As they outlined this year in the peer-reviewed journal Astrobiology, Schulze‑Makuch and Heinz’s study of the organic matter suggests that a biological process that probably involved bacteria might have played a hand in the compound’s existence on Mars.

“We identified several biological pathways for thiophenes that seem more likely than chemical ones, but we still need proof,” Schulze‑Makuch told the Insider of Washington State University. “If you find thiophenes on Earth, then you would think they are biological, but on Mars, of course, the bar to prove that has to be quite a bit higher.”

Coal, crude oil and even white truffles that are found on Earth contain thiophenes. As the Insider notes, thiophene molecules hold four carbon atoms and a sulfur atom arranged in a ring. Although carbon and sulfur are bio‑essential elements, Schulze‑Makuch and Heinz couldn’t definitively rule out any non‑biological processes creating the compounds on Mars.
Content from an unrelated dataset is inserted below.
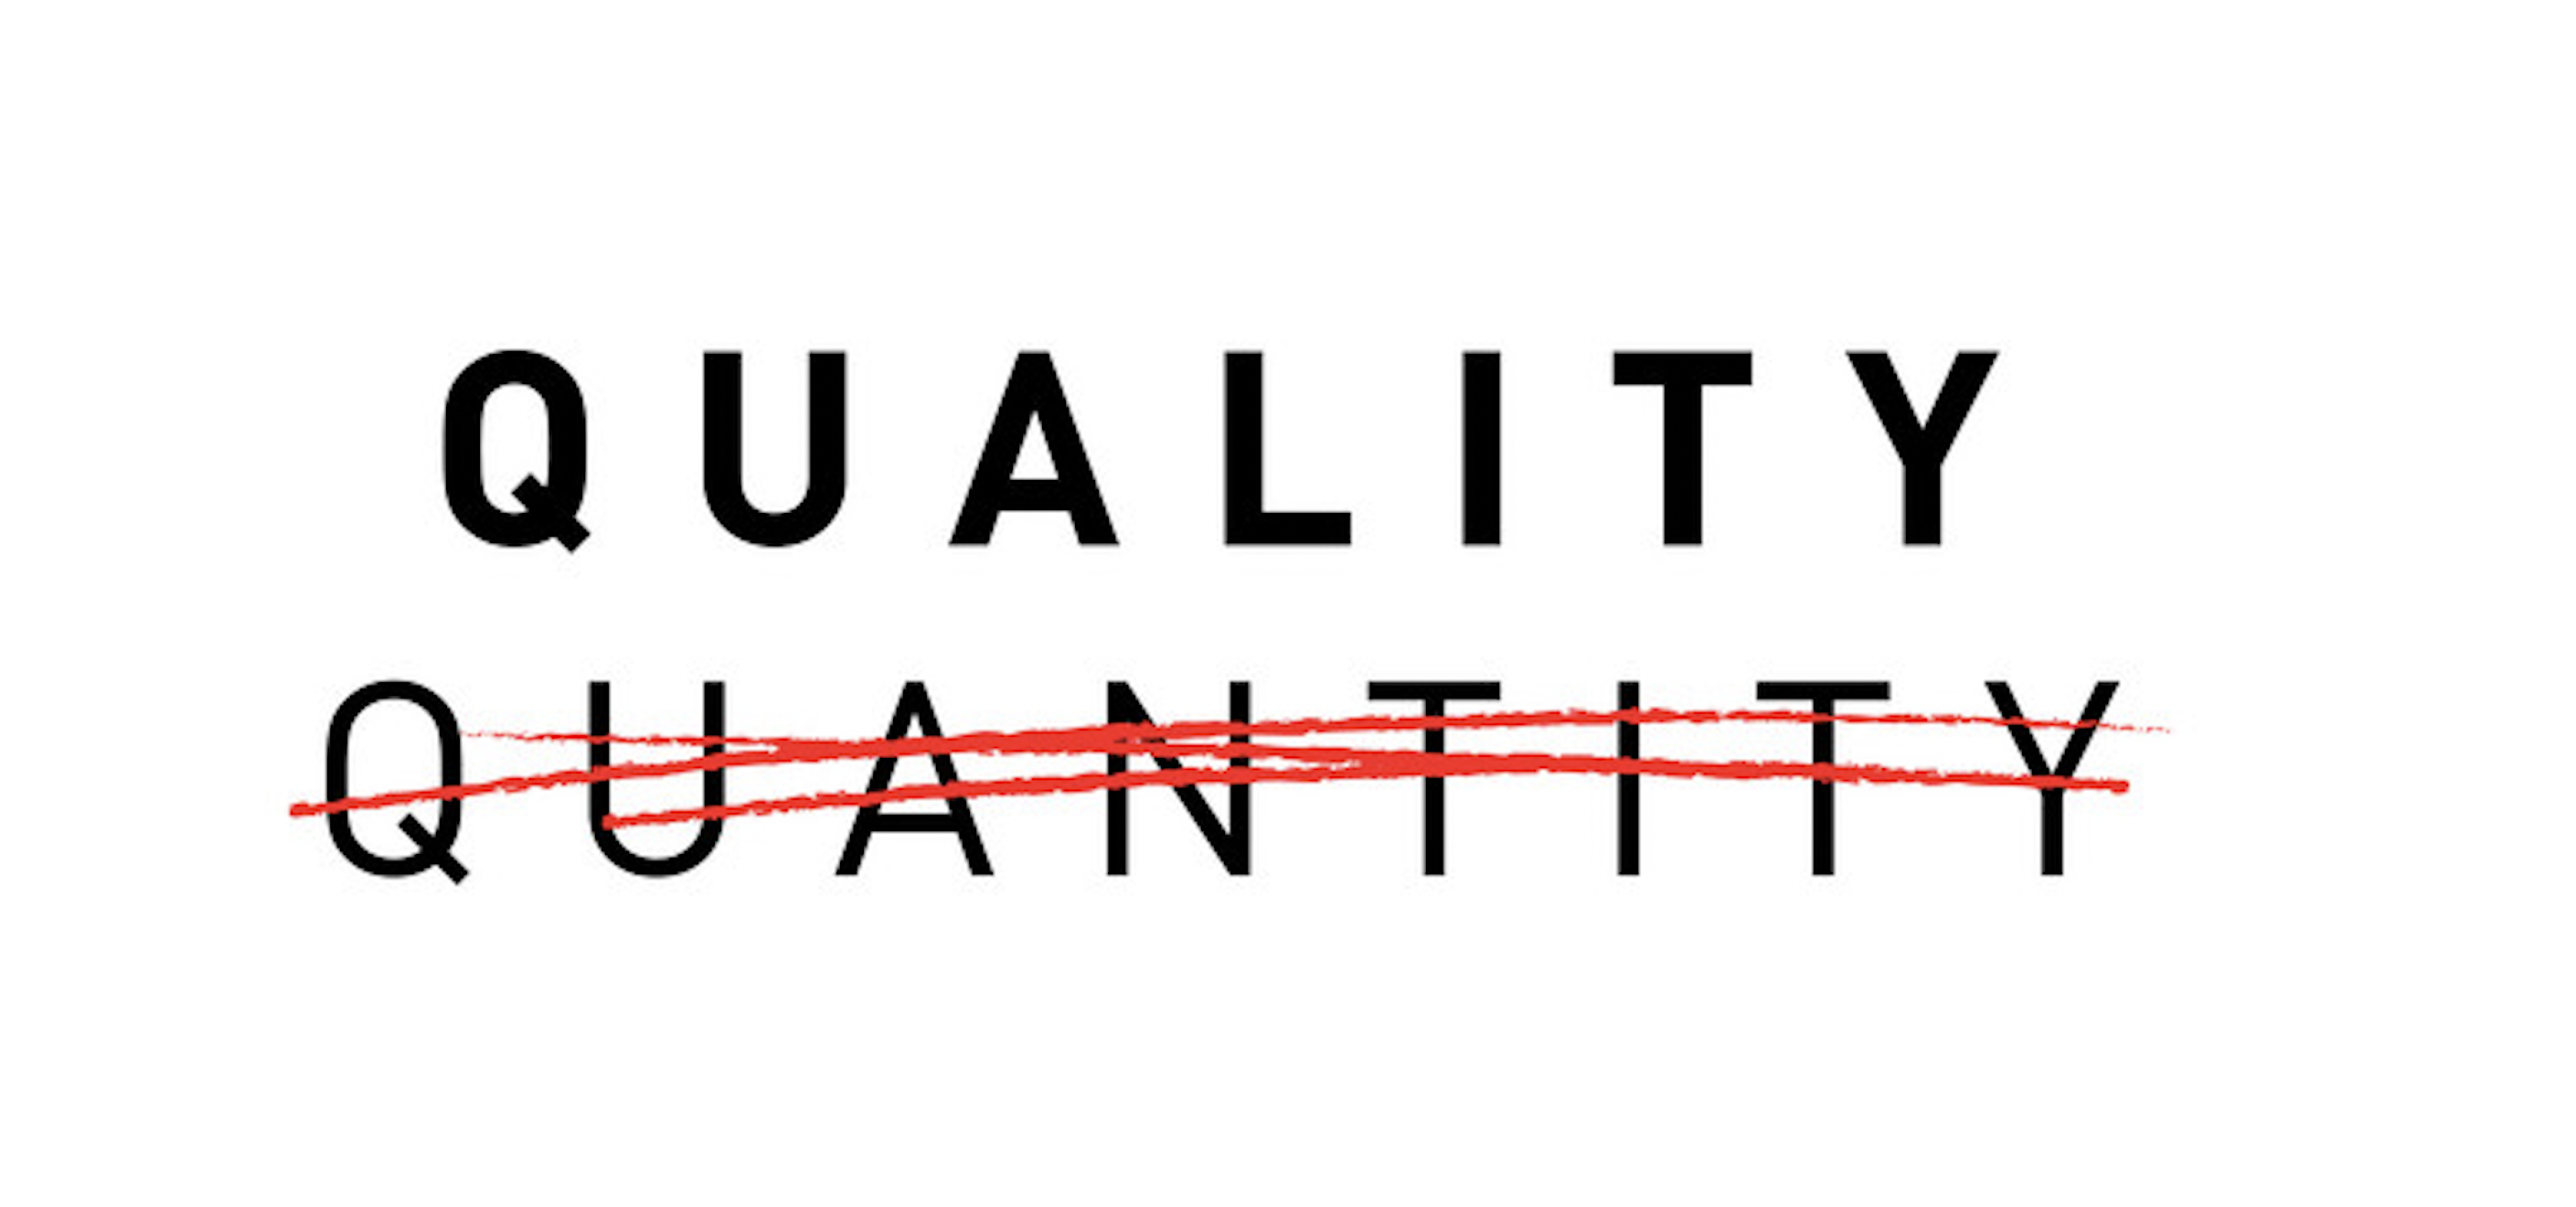 quiality vs quantity

One such possibility is that a meteor crashing into Mars created a non-biological condition for the organic compound to develop. Another possibility is a process known as thermochemical sulfate reduction, in which a set of compounds is heated to 248 degrees Fahrenheit or higher.

Yet, the astrobiologists also don’t preclude the idea that when Mars was warmer and wetter more than 3 billion years ago, the groundwork for a biological kind of sulfate reduction process could have formed thiophenes.

Opportunities for More Space Discoveries

Further studies of Mars will hopefully discover more elements of the planet that could reveal even more about what formed its landscape and what conditions unfolded to possibly create and sustain life there. And as the astrobiologists’ study shows, there may be more connections between Earth and Mars. Still, scientists that they are, Schulze‑Makuch and Heinz urge holding back on speculation until Mars can be studied up close by humans.

“As Carl Sagan said ‘extraordinary claims require extraordinary evidence,'” Schulze‑Makuch told the Insider. “I think the proof will really require that we actually send people there, and an astronaut looks through a microscope and sees a moving microbe.”